Something in Anna's mind instantly clicked. “He escaped,” she breathed.
Dr. Jarrod sat back and raised a doubtful eyebrow at her. “How the hell do you know?”
“The Central Police were stopping all traffic out of D.C. at checkpoints just a matter of days ago,” she explained. “And they refused to tell me why. I'd say it's a good bet that he escaped and they are looking for him.”
Dr. Jarrod chuckled grimly. “Heh, well, I wouldn't have known about roadblocks or checkpoints. I am almost chained to these desks; I sleep here many nights. Just over the weekend I got to go home for the first time in weeks, and I plan on leaving here at decent hours from now on.” He grinned. “Now that I have a savvy programmer in my lab to do my work for me.”
“You can expect work from me, not miracles,” Ann replied, catching his infectious humor. “But I already have some ideas as to how to fix your problem.”
“I'm glad to hear it.” Dr. Jarrod said, then stood as another man entered the lab. The new man stood much taller than Dr.
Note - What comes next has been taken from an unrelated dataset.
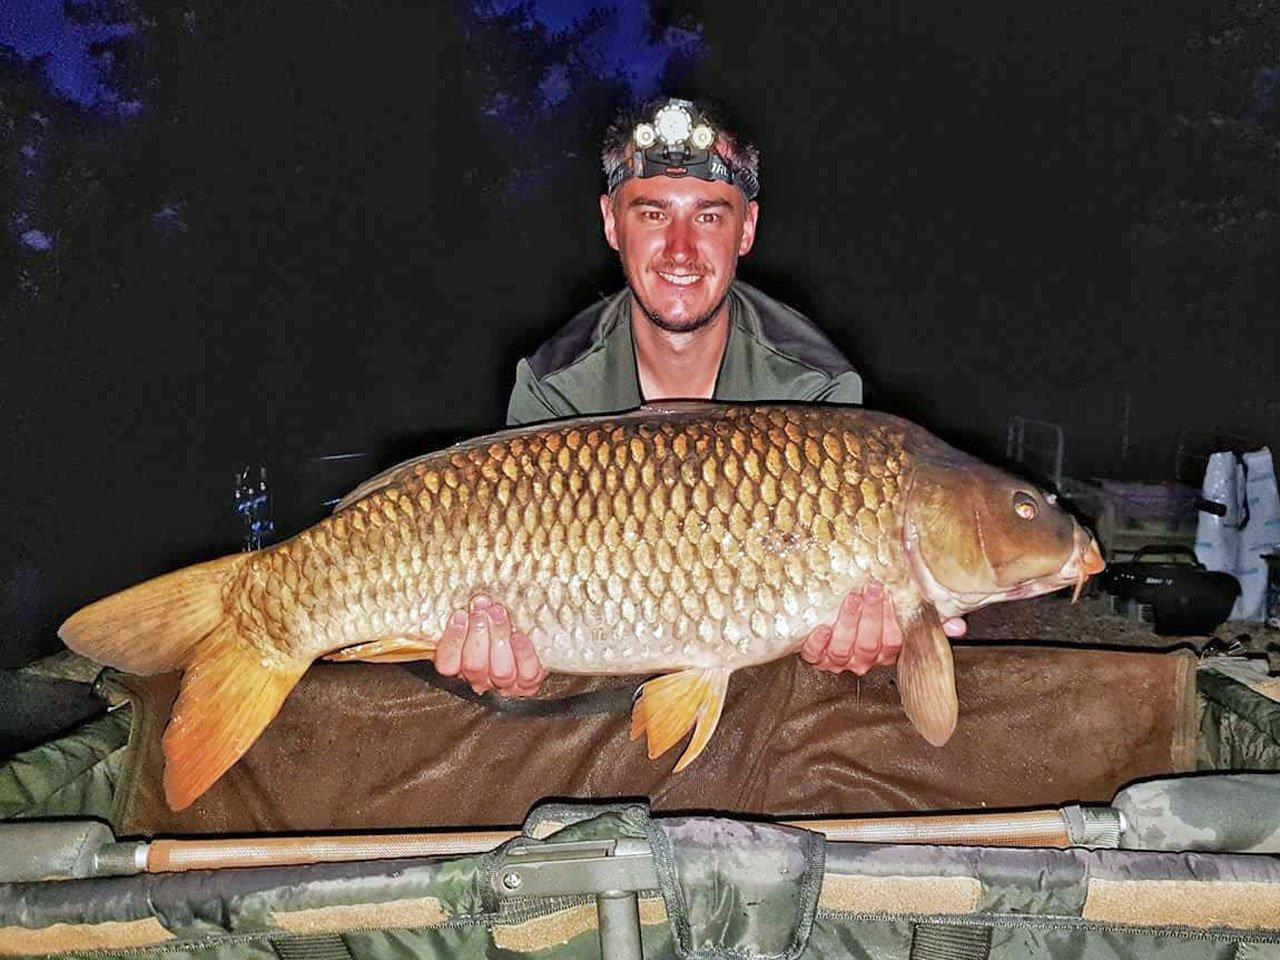 Luke with a 26lb common carp

Jarrod and sported a much younger face, a face which he was in the act of stuffing full of doughnut as he walked through the door and sat down.
“Anna, this is Dex Lynch, my assistant,” Dr. Jarrod said, motioning to the other man. Anna nodded to him and he nodded wordlessly back, the doughnut still obstructing his speech. Without another word he plugged his ears with digital music and pulled himself up to one of the computers to work.
“Not much of a conversationalist,” Anna remarked dryly. Dr. Jarrod chuckled and sat back down.
“No, and I prefer him that way. Nepotism at its best; Dex the Second, son of the founder of Dexworks. He's a whiz at brain pattern analysis but he spews some of the most obnoxious crap when he gets started.” The doctor tapped the data pad in front of him. “Shall we get back to the task at hand then? All of this talk of escaped convicts has derailed my train of thought.”